Consistent with measured reductions in soil Ca, several studies have noted reduced Ca concentrations in the stemwood of trees following the advent of elevated pollution loading (Bondietti and others 1990, Likens and others 1996, Shortle and others 1995). An initial increase in Ca concentration is often noted within wood for the decades with the greatest increases in acidic deposition that likely mobilized soil cations, increasing their availability for root uptake and leaching loss, (e.g., Shortle and others 1995). However, the reduction in stemwood Ca in recent decades may better reflect the long-term depletion of Ca from soils (Shortle and others 1995). Importantly, reductions in Ca concentrations within wood also suggest that pollution-induced changes in soil Ca levels are being transferred to living organisms.

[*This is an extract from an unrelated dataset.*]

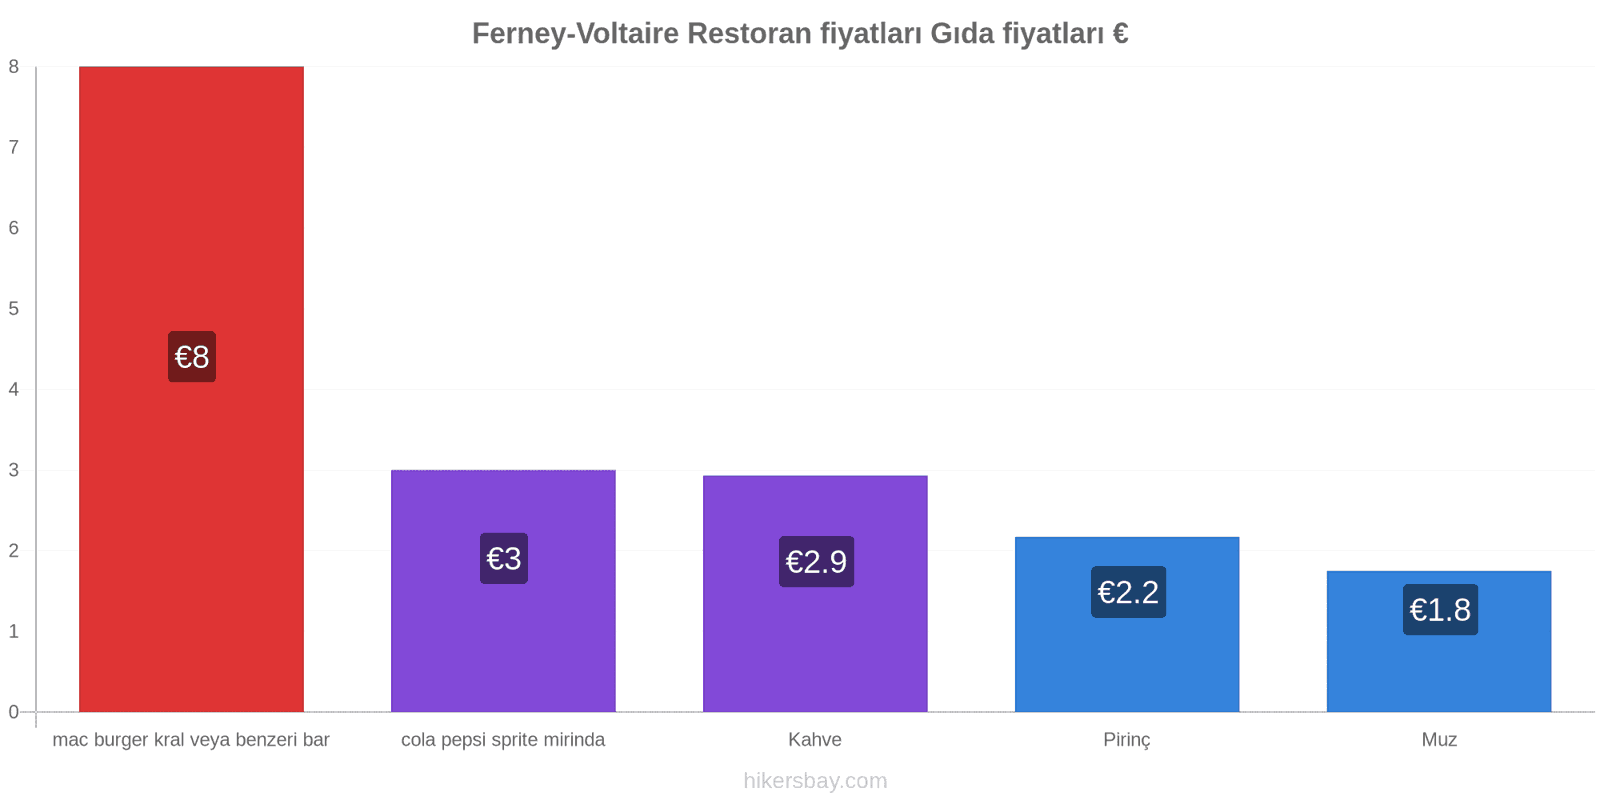 Ferney-Voltaire fiyat değişiklikleri hikersbay.com

In addition to pollution-associated depletion, tree harvests have the potential to exacerbate cation depletion within forests if they contribute to net cations losses that exceed long-term inputs (Adams 1999, Federer and others 1989, , Huntington 2000, Mann and others 1988, Nykvist 2000). Sequestration in above-ground woody biomass is an important cation sink within forest systems (Federer and others 1989, Mann and others 1988), and this is particularly true for Ca, which is highly concentrated in woody cell walls (Marschner 2002). Because of this, tree harvests can lead to the disproportionate removals of Ca relative to other cations (e.g., Adams 1999, Federer and others 1989). Harvests can also affect nutrient cycling through increased site acidification and leaching (Federer and others 1989), and reduced stocking following harvest may diminish stand-level transpiration and associated Ca uptake, further promoting Ca loss via leaching (Hornbeck and others 1993). In addition, varying methods of harvest can differentially alter Ca loss. For example, in one study, whole-tree (stems and branches) harvests removed up to 530 kg/ha, whereas sawtimber sales (bole wood only) removed about 442 kg/ha (Mann and others 1988). The frequency of tree harvest may also influence overall cation removal. Calculations from one study estimated a 15 percent loss of Ca due to leaching even with no harvest, a 28 percent loss of Ca with one harvest (at 80 years), and a 41 percent Ca loss for an equal intensity harvest performed in two stages: once at 40 years and once at 80 years (Adams 1999).